Regarding clearance, it's best to look at how your hard disks are laid out on your case... it's a good guide of what kind of spatial configuration you need to create to keep your hard disks running properly.
 
As you surmised the breather holes are there to equalize air pressure. The issue is that if the ambient pressure changes (high pressure vs. low pressure weather systems, or the drive is used by someone living on the top of a mountain) then the unequal pressure could potentially apply forces to the case which would affect the alignment of the precision mechanism, or it could allow unfiltered air to seep in around the case gasket (the breather hole itself has a filter to trap dust or a flexible plastic membrane which actually keeps outside air from getting in).
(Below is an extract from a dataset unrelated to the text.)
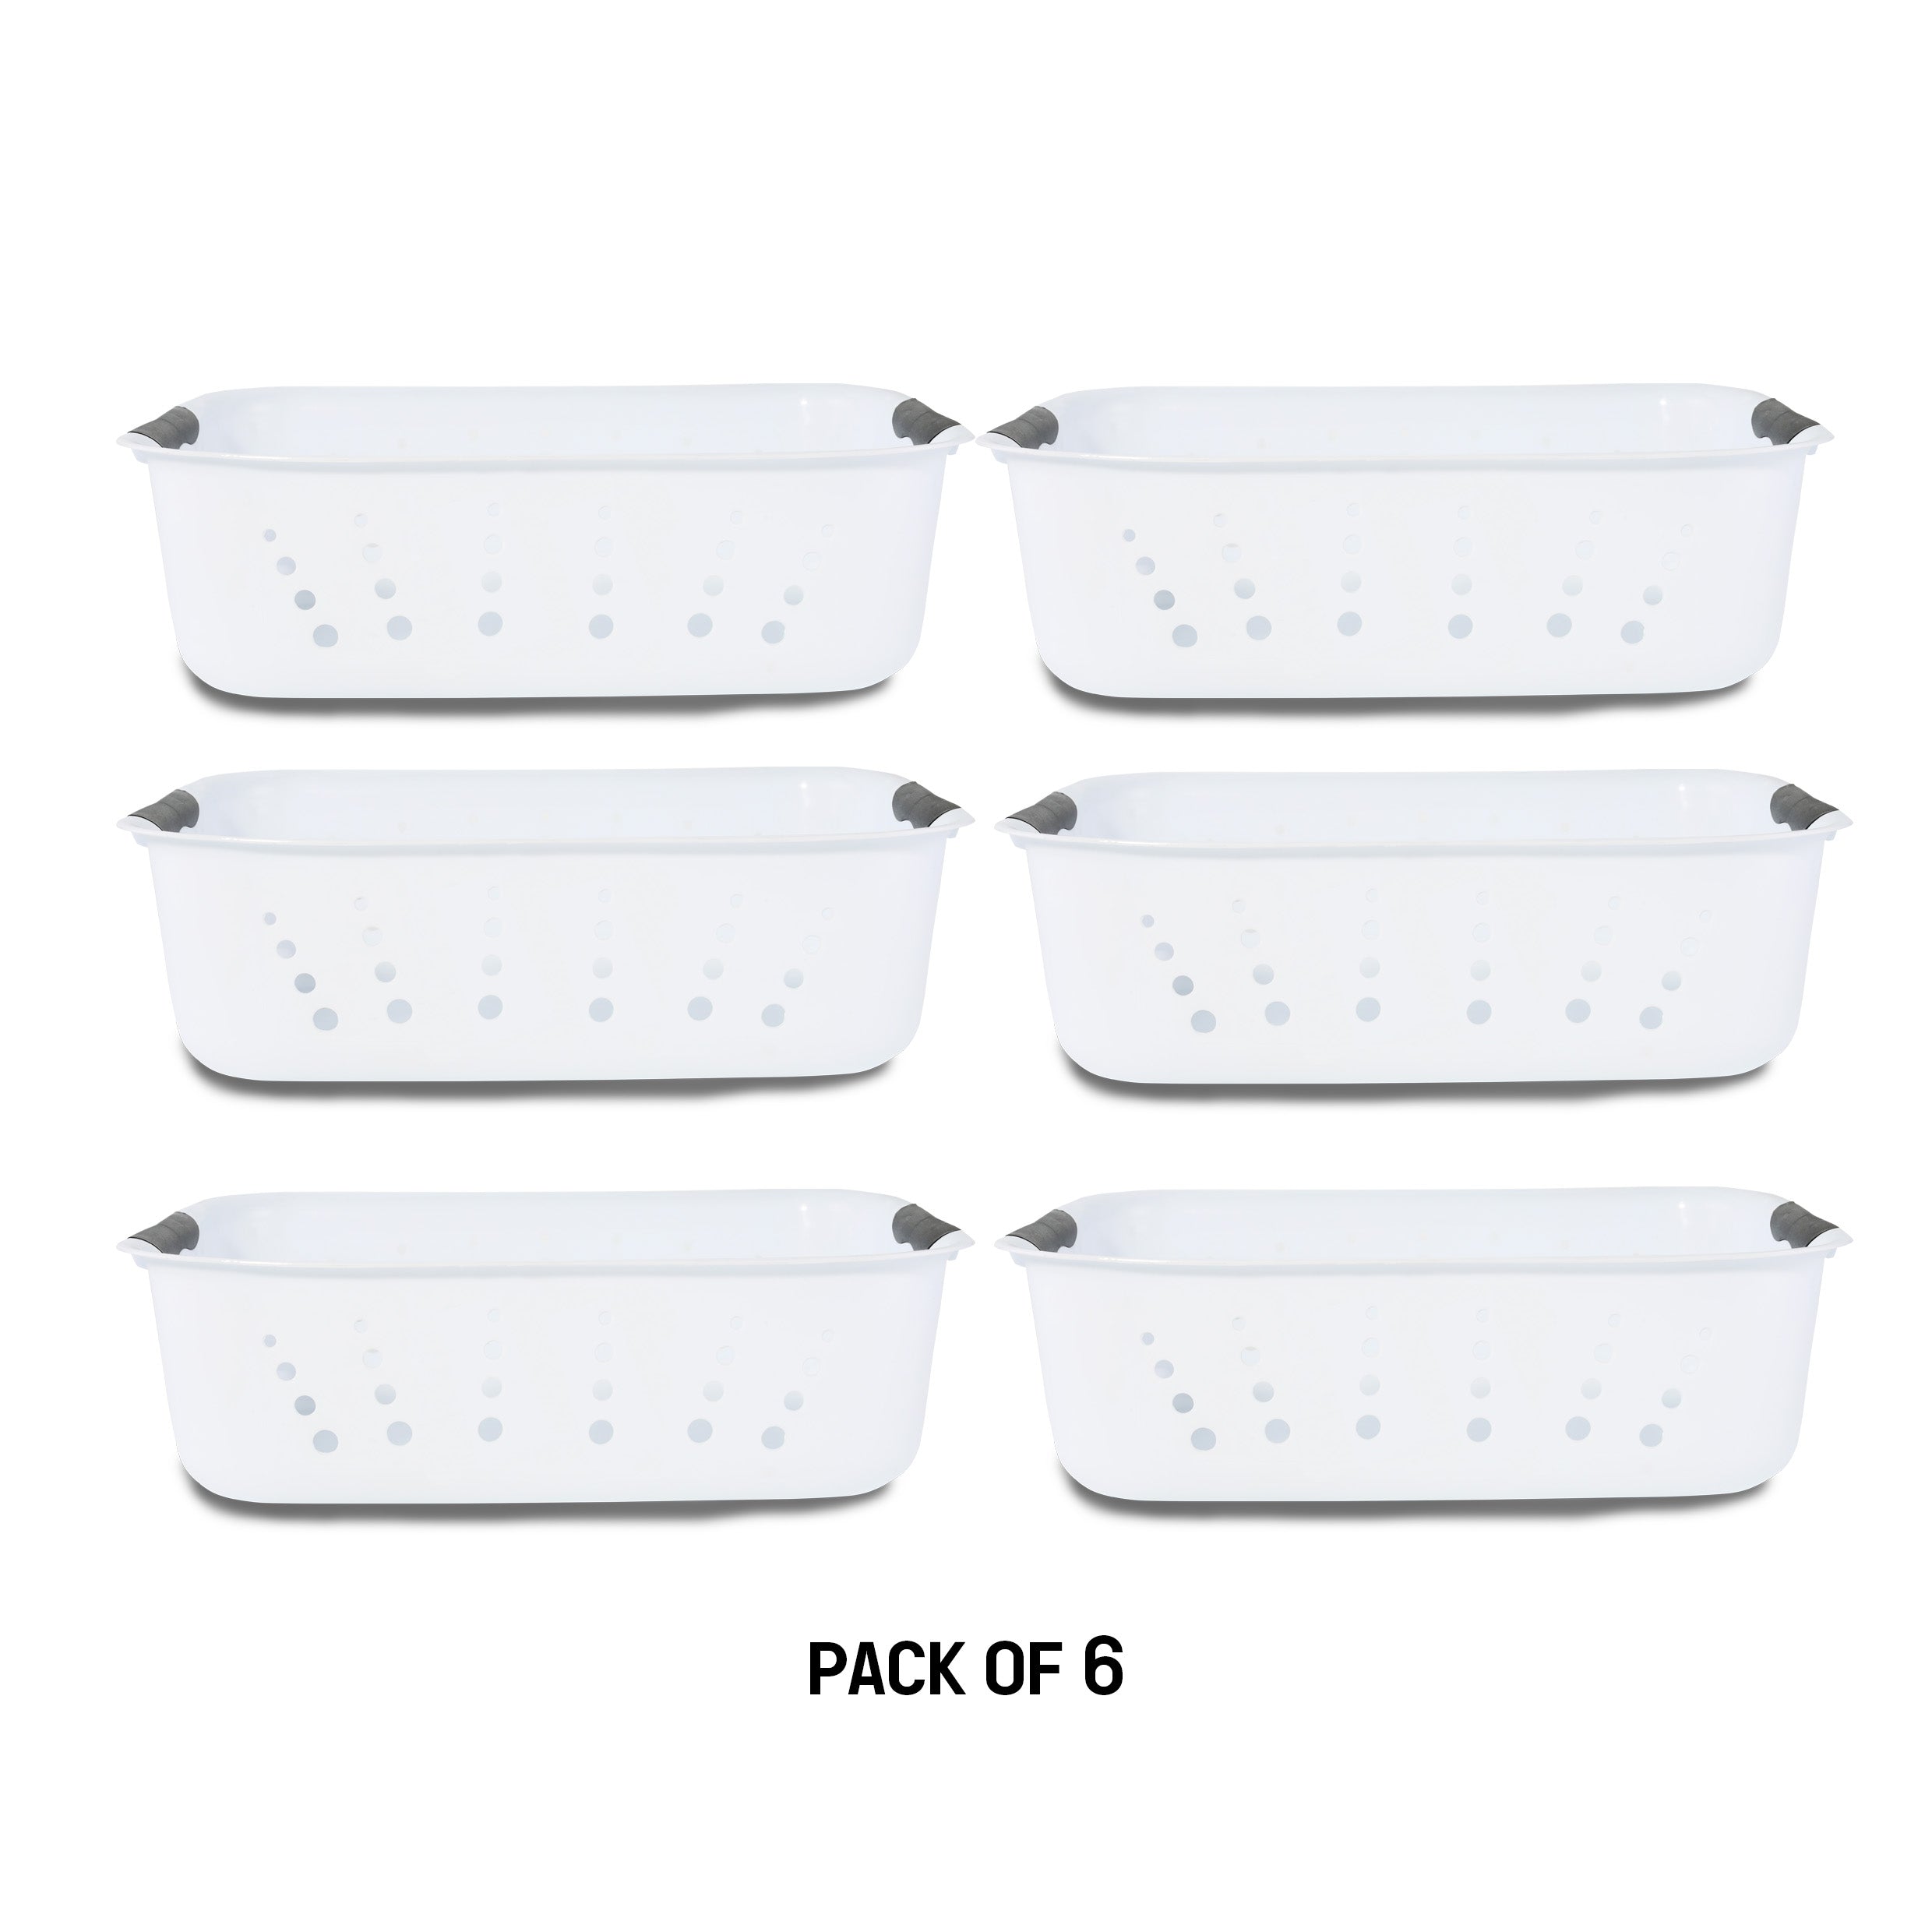 American Maid Basin, Pack of 6

I wouldn't worry about dusty rooms as the breather hole is designed to protect the clean environment within.

Air finds its way through awfully small crevices and so I wouldn't worry unduly about obstructing the breather holes. If you're really paranoid you could perhaps put some cardboard shims between stacked drives to keep a fraction of a millimeter between them (but see the next paragraph...)

Rather than obstructing the air hole, the larger problem of stacking drives on top of each other is overheating. If you have three drives just sitting on top of each other, the middle one is going to not only have hardly anywhere to dissipate it's heat, it will also be having to cope with the heat of the drives above and below it.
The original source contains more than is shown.